***** THE DATA
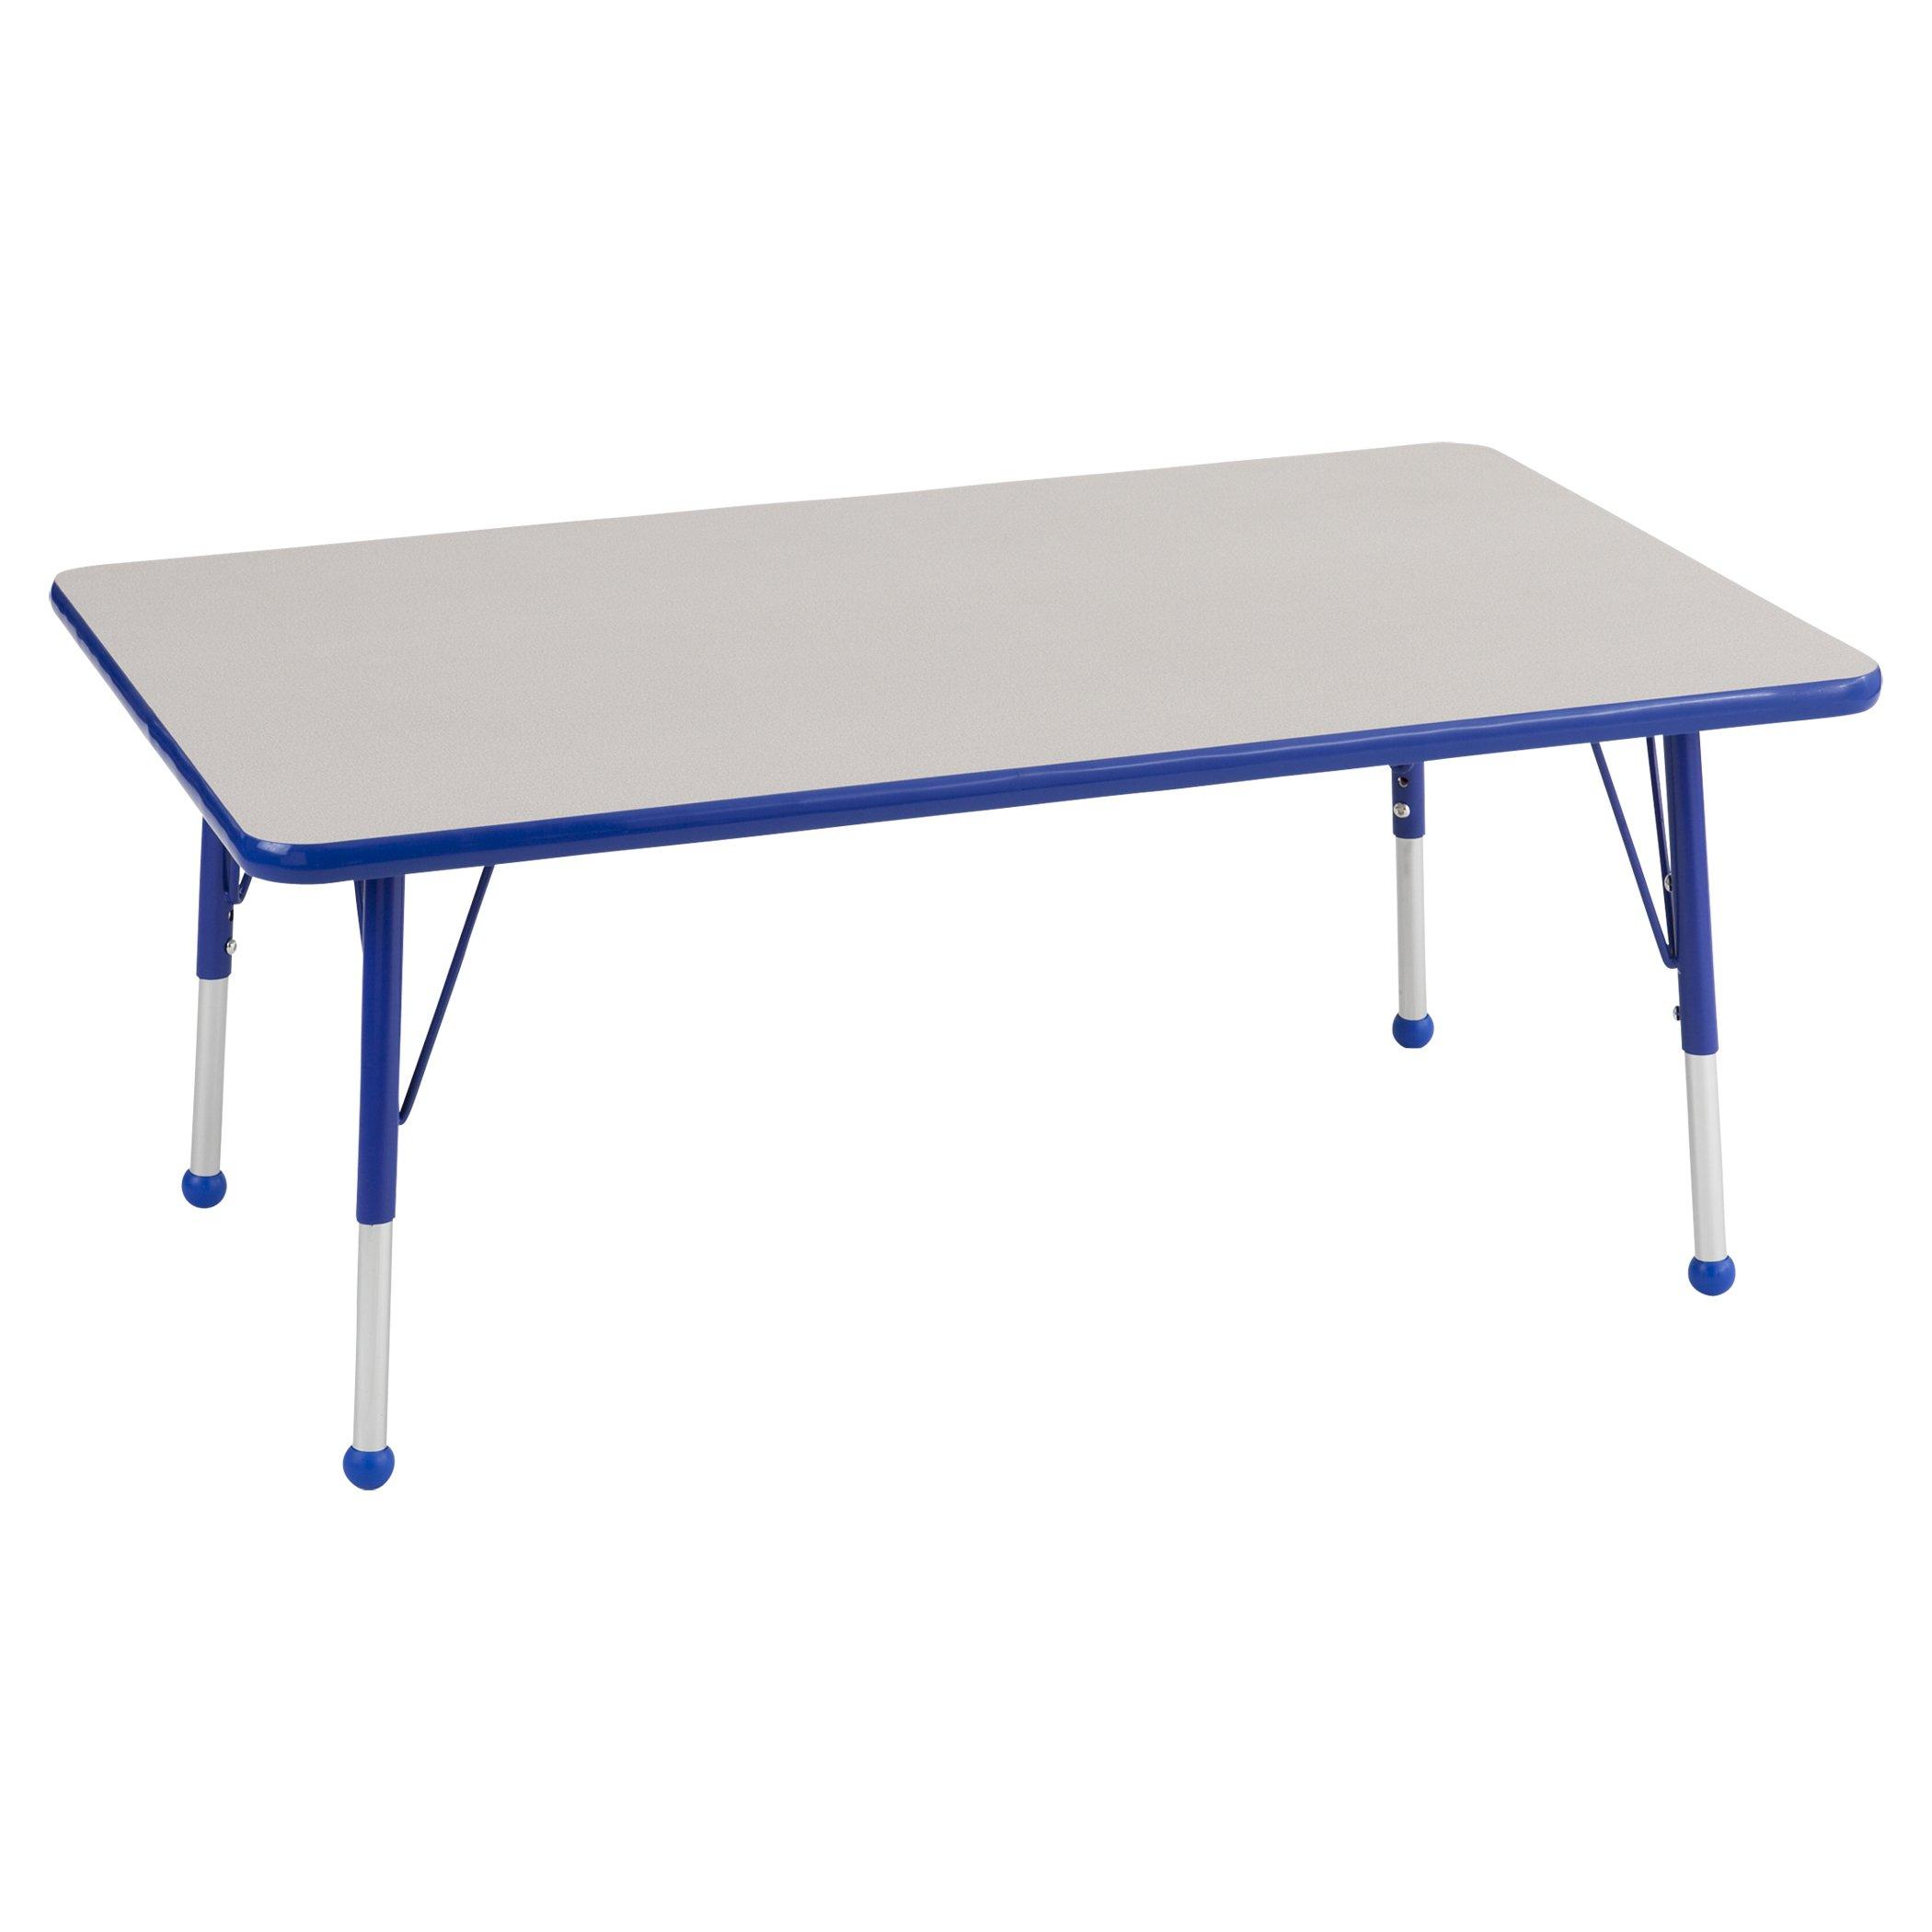 ECR4Kids 24'' x 48'' Rectangular Activity School Table, Toddler Legs w/Ball Glides, Adjustable Height 15-23 inch (Grey/Blue)
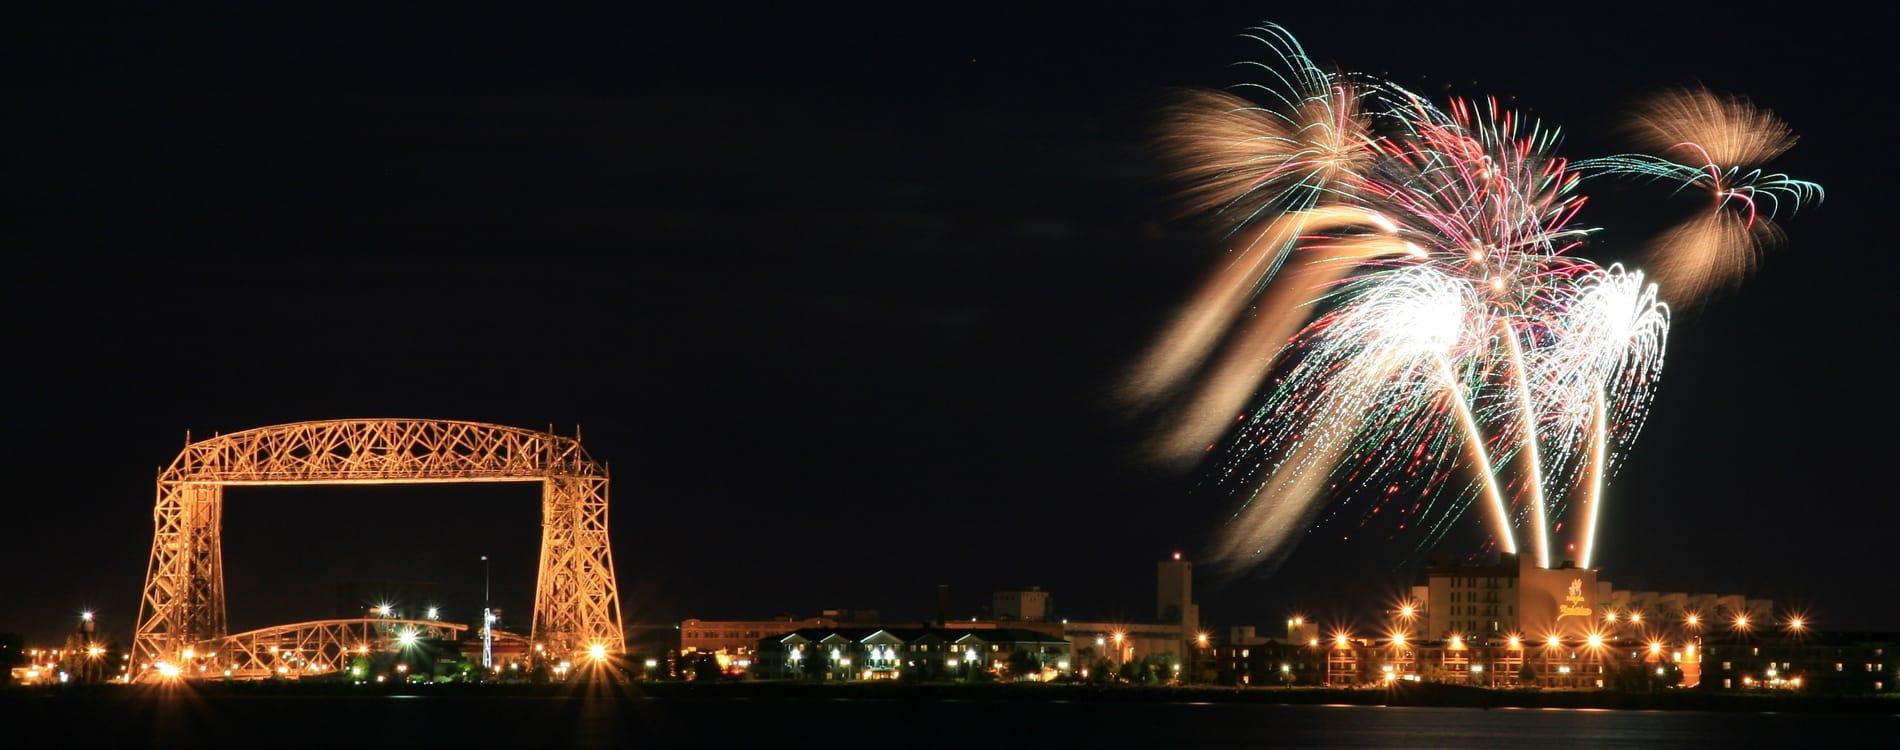 Duluth, MN - Fireworks
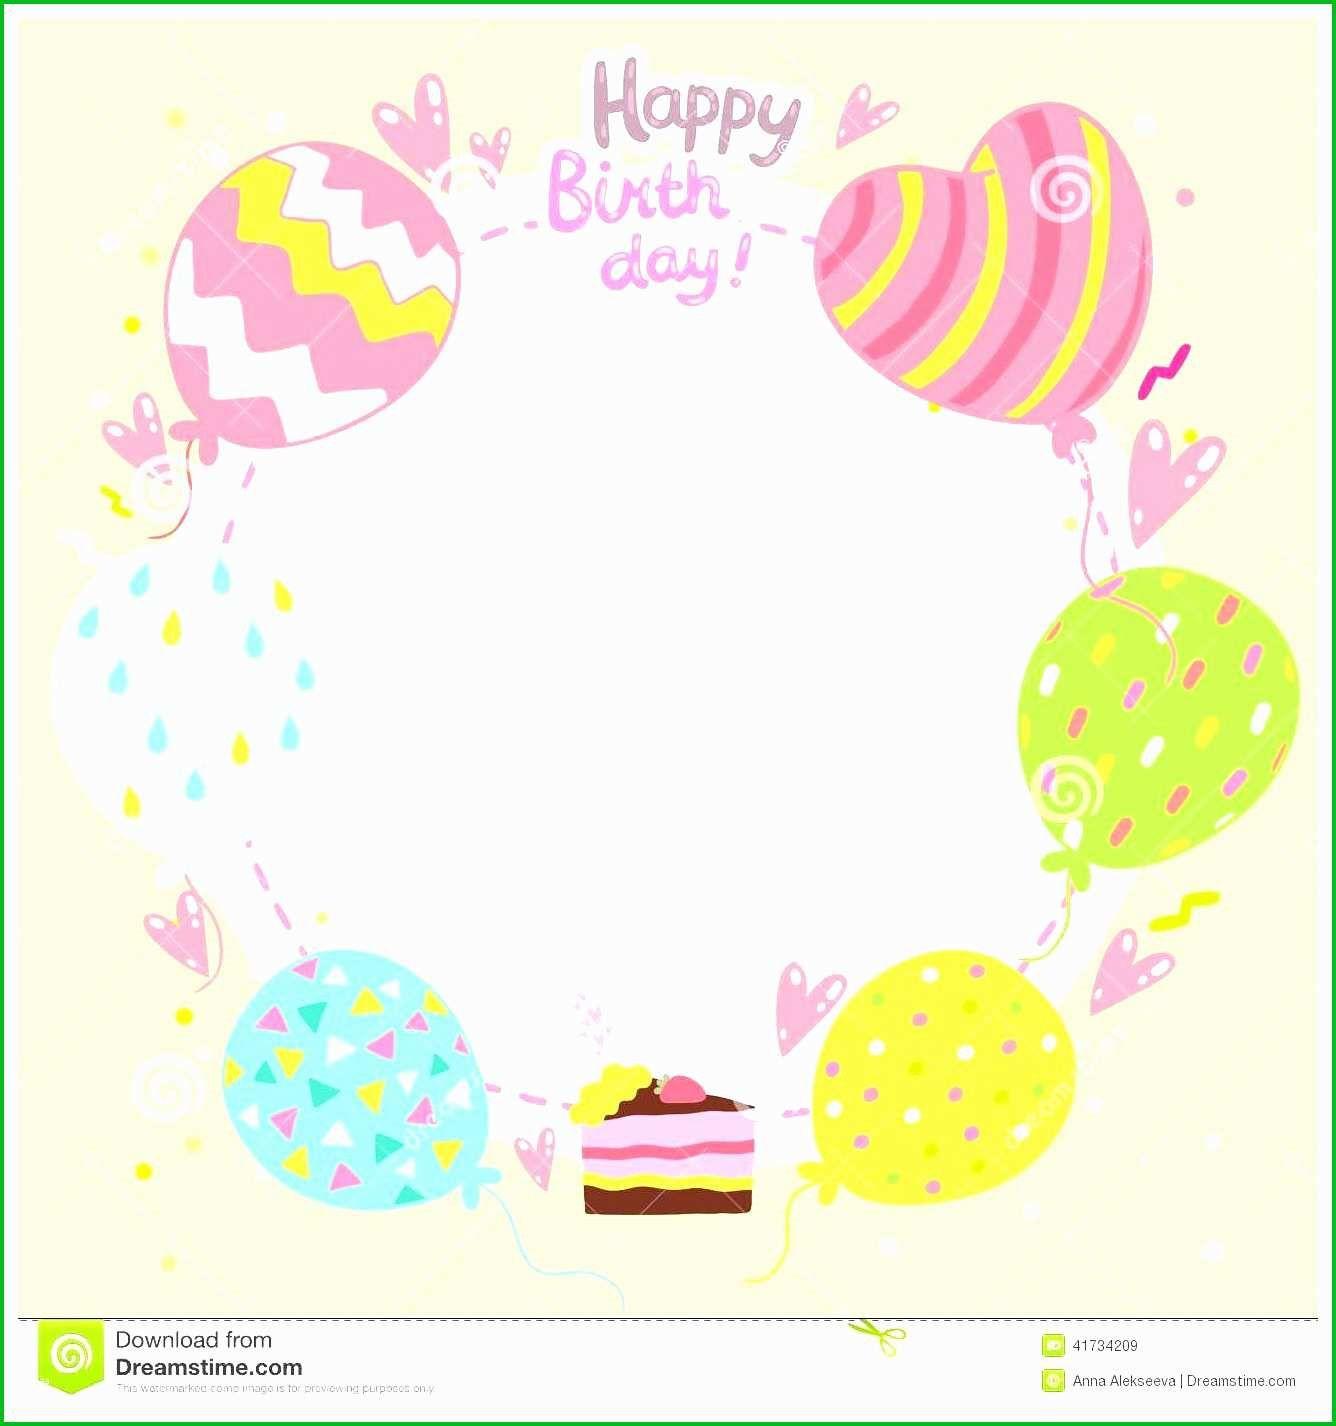 003 Unforgettable Birthday Card Template Free Photo  Invitation Photoshop Download WordFull
**********
*ABOUT THIS TASK*
Please transcribe the material above exactly as written. Leave the pictures out.

*RESPONSE BOX*
 ECR4Kids 24'' x 48'' Rectangular Activity School Table, Toddler Legs w/Ball Glides, Adjustable Height 15-23 inch (Grey/Blue)
 Duluth, MN - Fireworks
 003 Unforgettable Birthday Card Template Free Photo  Invitation Photoshop Download WordFull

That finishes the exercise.